[erlang-questions] eep-0012 (Extensions to comprehensions)

Richard A. O'Keefe ok@REDACTED
Fri Aug 8 01:11:50 CEST 2008


On 7 Aug 2008, at 5:27 pm, Kevin Scaldeferri wrote:
> The point is that you could have changed:
>
> 	   X,
> 	]
> to
> 	   X,
> 	   Y,
> 	]
>
> and then only one line changed.

That was obvious, and as my reply showed, it was clearly understood.
The NUMBER of changes is entirely unaffected.
The SIZE of the reported change increases by exactly one line,
AND that extra line helps.
If you are using context diffs, which is usually a good idea,
you probably won't even notice the extra line.

Note that the ONLY place that C allows an extra comma is in an
initialiser.  Suppose for example I have

	OLD             NEW

     void f(         void f(
         int x           int x,
                         char *y
     ) {            ) {
         ...            ...
     }              }

I added *one* parameter to the argument list of f(), but
*two* lines changed.  (For the record, whenever an
argument list in C is too long to fit on one line, this
is indeed how I lay it out.  After years of experiment,
I have to say that this seems to be the perfect way to
do it.  It also works in Java, Pascal, Ada, any free-
format language.)

It's exactly the same "problem", but do I hear lots of
complaints about C because of it?

C doesn't allow trailing commas in function calls.
C doesn't allow trailing commas in comma expressions.
C doesn't allow trailing commas in declarations:

	extern void
	    f(void),
	    g(void);
=>
	extern void
	    f(void),
	    g(void),
	    h(void);

One prototype added to the list, two lines changed.

It's exactly the same "problem", but do I hear lots of
complaints about C because of it?

Perl and Python allow trailing commas in tuples, lists,
and function calls.  In Python, the idiom (x,) for a
1-element tuple is used heavily.  Curiously, while
trailing commas in lists *are* used, they are very
often used like
	x = ["foo","bar","ugh",]
(I've just been trawling through *thousands* of Python
files) where the trailing comma does NOT help in the
way envisaged.

Python is definitely evidence that a language *can*
allow trailing commas without collapsing into an
evil-smelling heap.

Pascal, Ada, Modula-2, Fortran 90 and later, AWK,
none of these allow trailing commas.

Like C, Java allows trailing commas in array initialisers
(JLS 3rd edition, section 10.6), but not elsewhere.
I don't hear lots of people complaining about the fact
that turning
	String x,
	       y;
into	String x,
	       y,
	       z;
results in a 1-change 2-line diff instead of a
1-change 1-line diff using Java.  And Javascript is
another: trailing commas are allowed in arrays and
"objects", but not in declarations or calls.

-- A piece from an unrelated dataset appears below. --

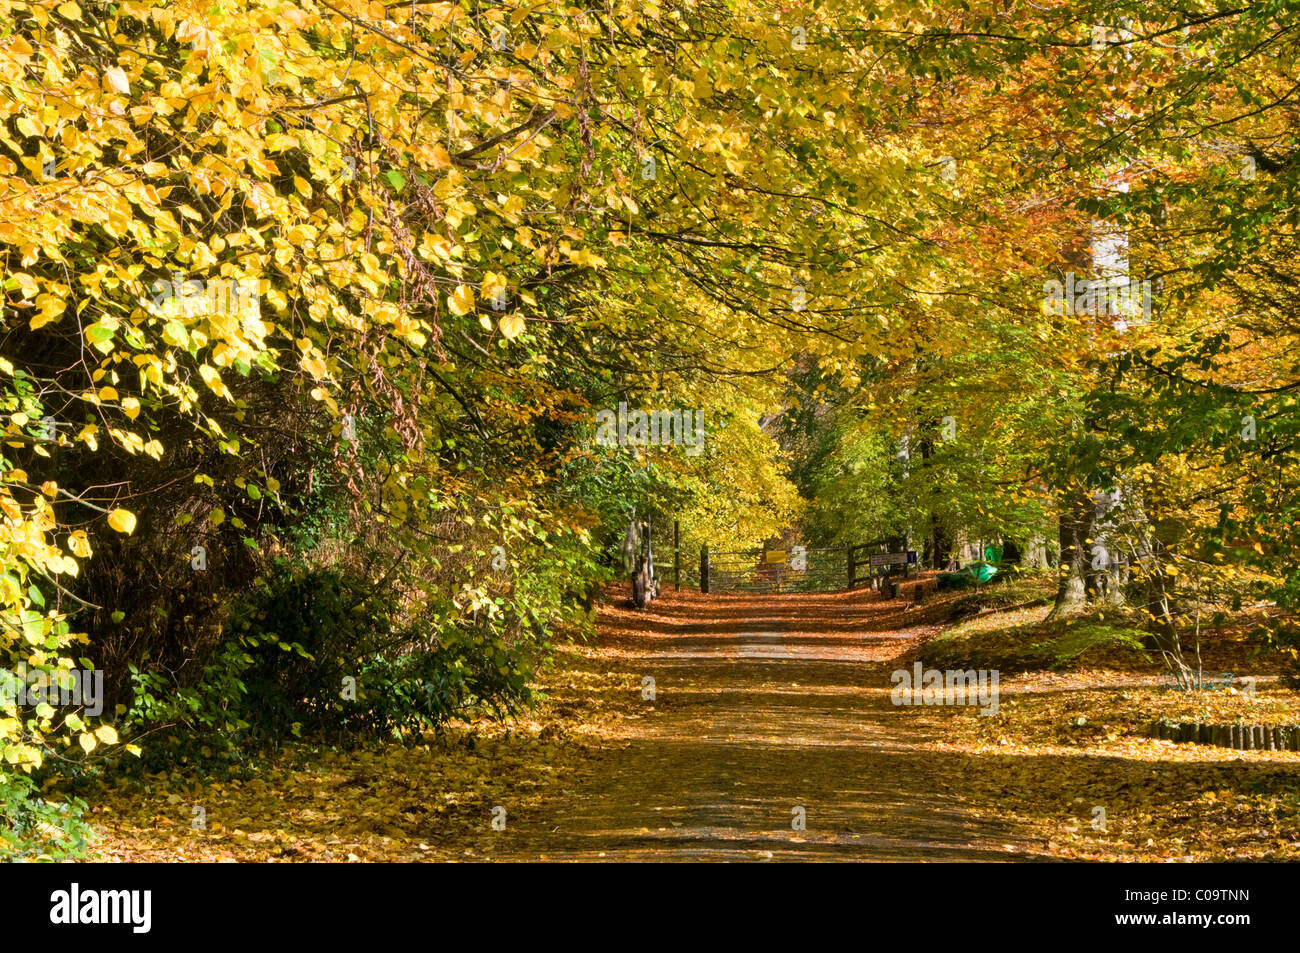 Route bordée de hêtres spectaculaires en automne, Whitegate, Cheshire, England, UK Banque D'Images

> As I said, this is a pretty minor issue, but it's a minor issue many  
> people will mention.
>
Why will "many" people be bothered about this in Erlang,
when they apparently aren't bothered by it in C or Java
or Javascript?

Why is the "add one thing -> diff should be one line"
idea so important for changes to data constructors but
ONLY data constructors?

--
If stupidity were a crime, who'd 'scape hanging?